As the mode of operation varies from industry to industry, it is neither feasible nor appropriate to specify any minimum thresholds for the economic substance requirement as it would depend on the fact of each case. Factors that will be taken into account include:

  • the number of employees having regard to the nature of the relevant activities, e.g. whether it is a capital or labour-intensive industry;
  • whether the employees are employed on a full-time or part-time basis; and
  • whether office premises have been used for undertaking the relevant activities and whether the premises are adequate for such activities.

Specified economic activities means:

1. Investment holding entity

    • Holding and managing its equity participation in other entities; or
    • Making necessary strategic decisions in respect of any assets the entity acquires, holds or disposes of; and managing and bearing principal risks in respect of such assets

2. Other than investment holding entity

    • In the case of a Company/ LLP/ resident individual in relation to a partnership business in Malaysia carrying out a trade, profession or business in Malaysia, specified economic activities refer to the business operations carried out.

A service director who is employed based on a contract of service and not a contract for service can be considered as an employee. Therefore, a non-service director is not considered as an employee.

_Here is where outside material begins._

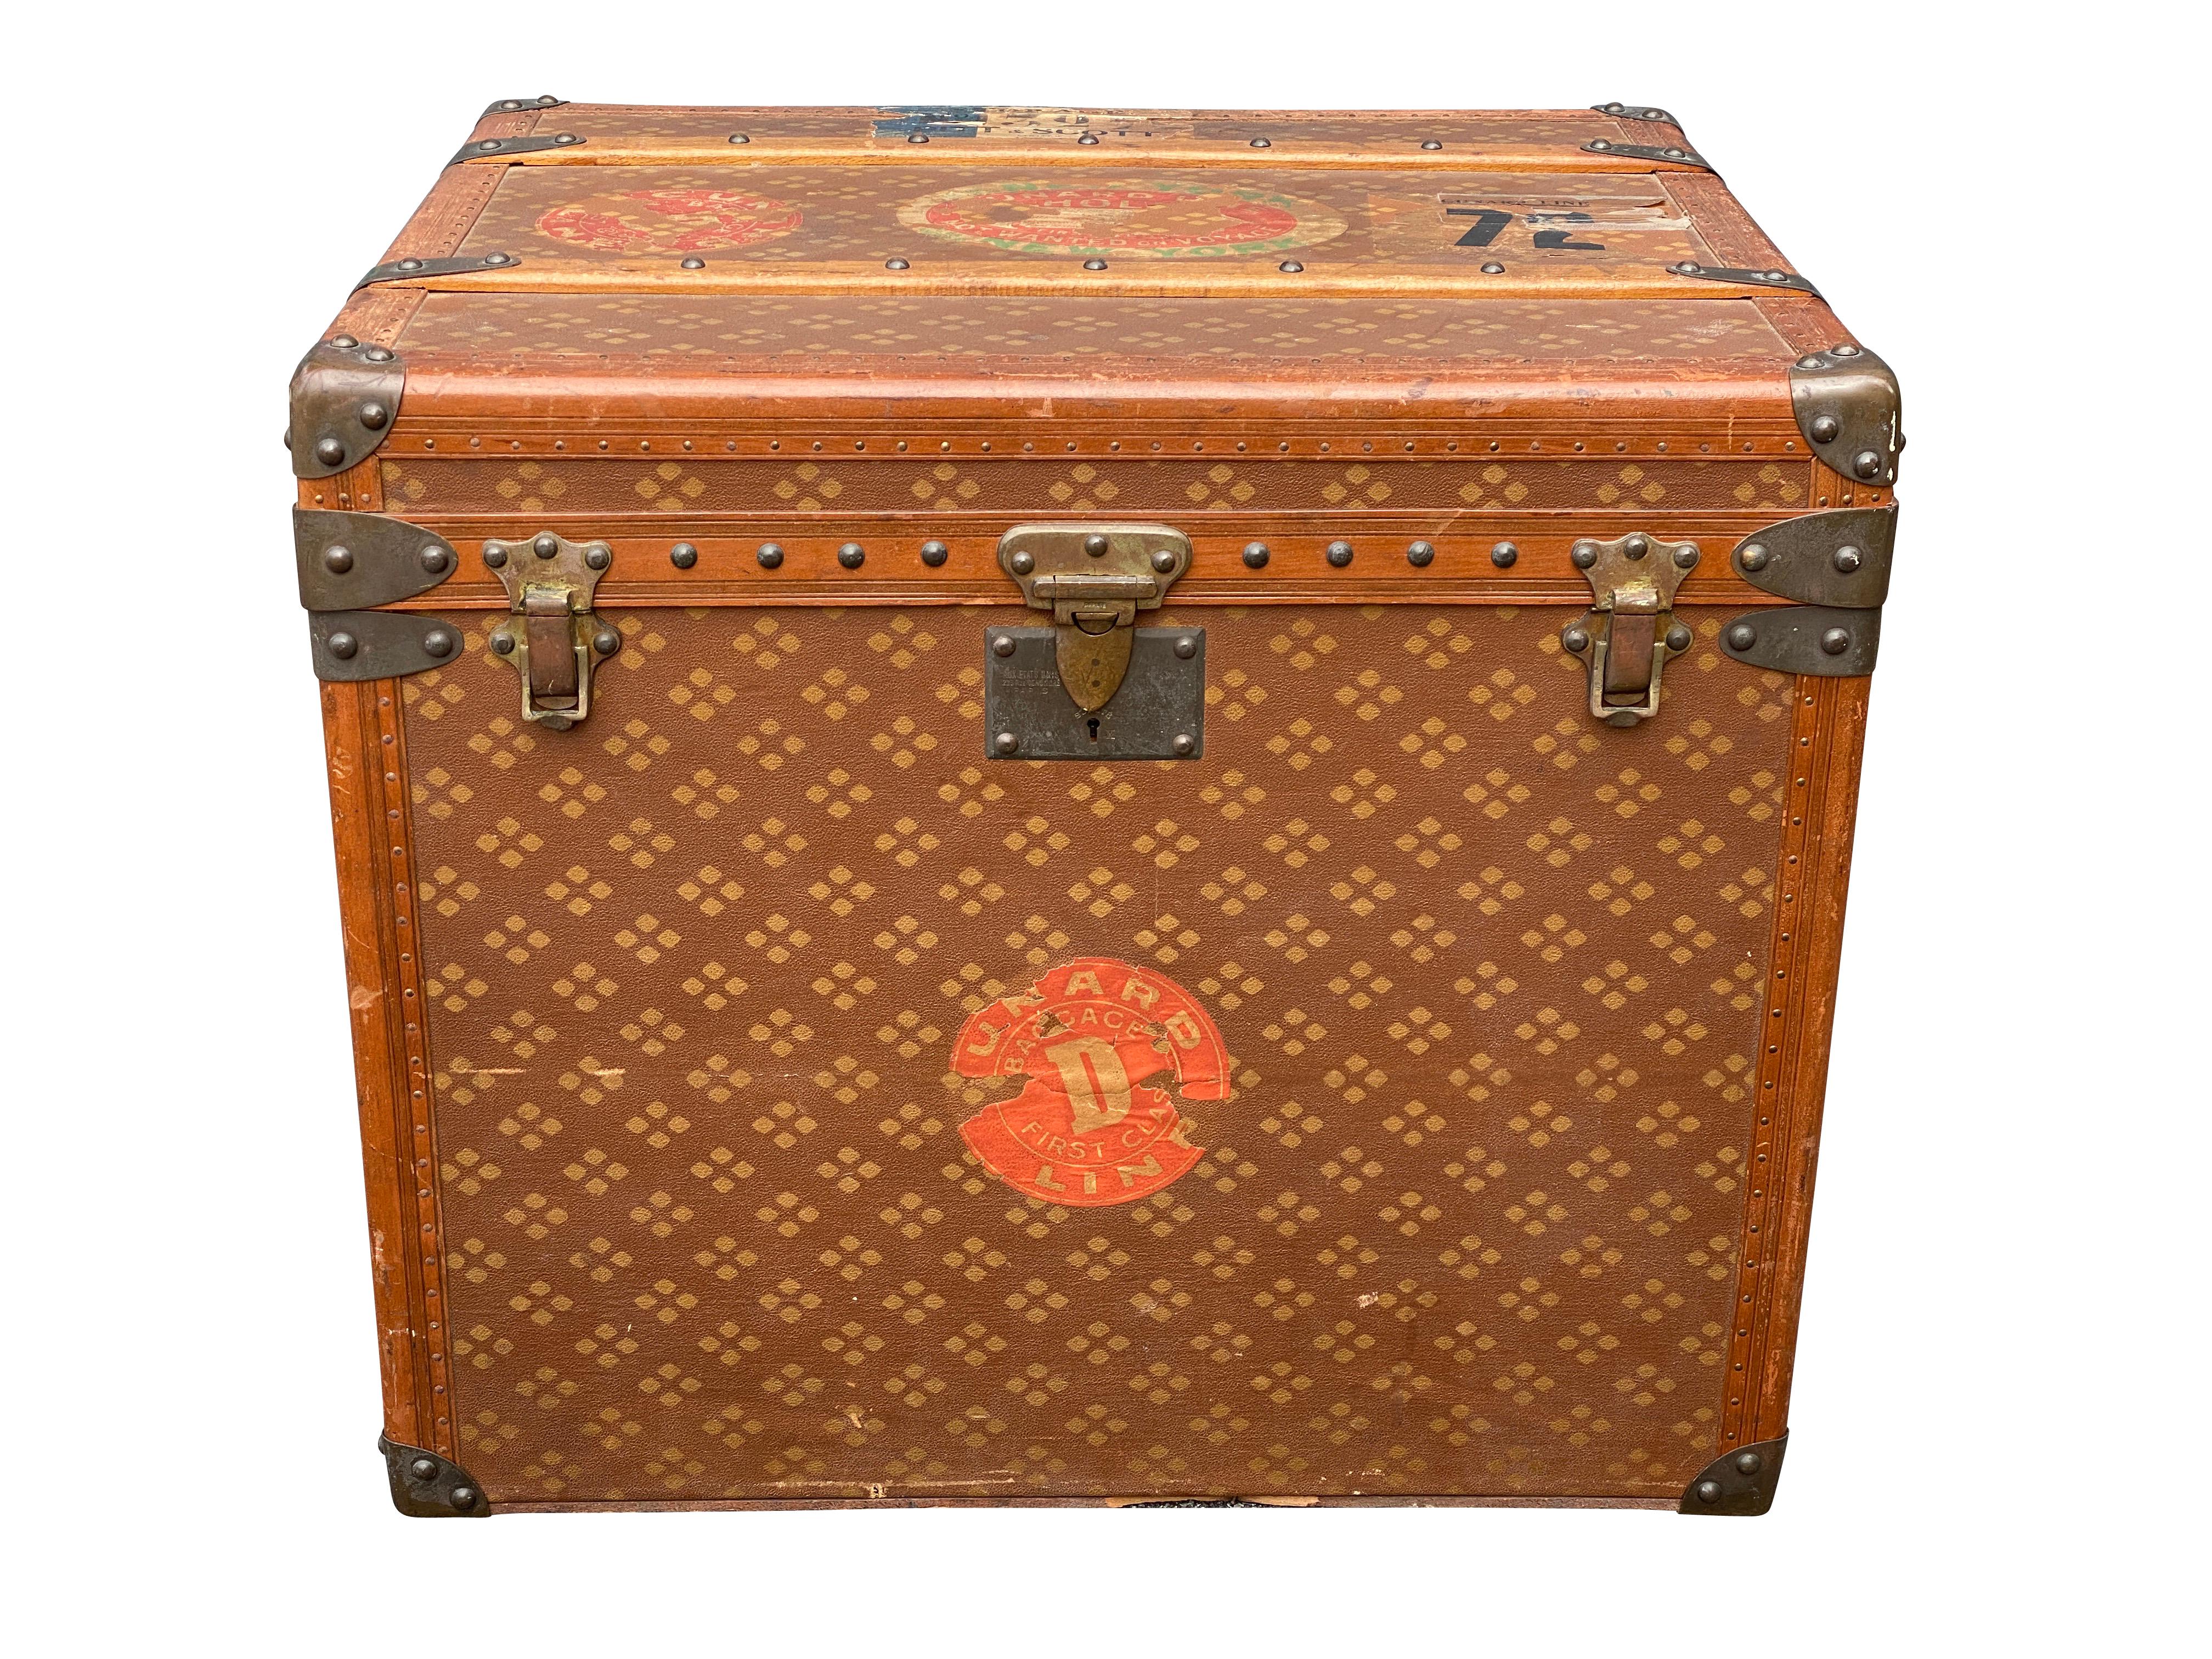 Finest quality with stickers from the Aquitania, Hotel Meurice etc. In excellent condition. A Parisian trunk maker established 1845 two doors down from Goyard on rue St Honore. Customers include the Duke of Windsor, Vanderbilts, Duke of Westminster

Outsourcing of specified economic activities is permitted if the following conditions are complied:

  • The specified economic activities are carried out by the outsourced entity in Malaysia;
  • The outsourcing party has exercised adequate monitoring and control on the carrying out of the specified economic activities by the outsourced entity:
  • The outsourced entity is generally expected to charge the outsourcing party a fee for the specified economic activities performed subject to the application of transfer pricing rules;
  • The number of qualified employees employed and the amount of operating expenditure incurred by the outsourced entity in Malaysia are in line with the level of specified economic activities carried out by the outsourced entity; and
  • If the outsourced entity provides services to more than one outsourcing party, computation of expenditure must be apportioned accordingly.

For resident individuals, the qualifying conditions for all foreign source income to be exempted are:-

  1. The foreign source income has been subjected to income tax or withholding tax in the country of origin; or
  2. Not subject to tax in the country of origin due to:-
    • The foreign income is not subjected to tax under the tax system;
    • Has not reached the taxable threshold;
    • The foreign income is exempted due to tax incentive;
    • The foreign dividend income has been subjected to underlying tax;
    • The underlying profit of foreign dividend income is not subjected to tax due to:
      • Unabsorbed losses or capital allowances;
      • Capital gains;
      • Tax rules under the tax consolidation regime in the country of origin; or
      • Enjoyed tax incentives in compliance with substantive requirements in the country of origin.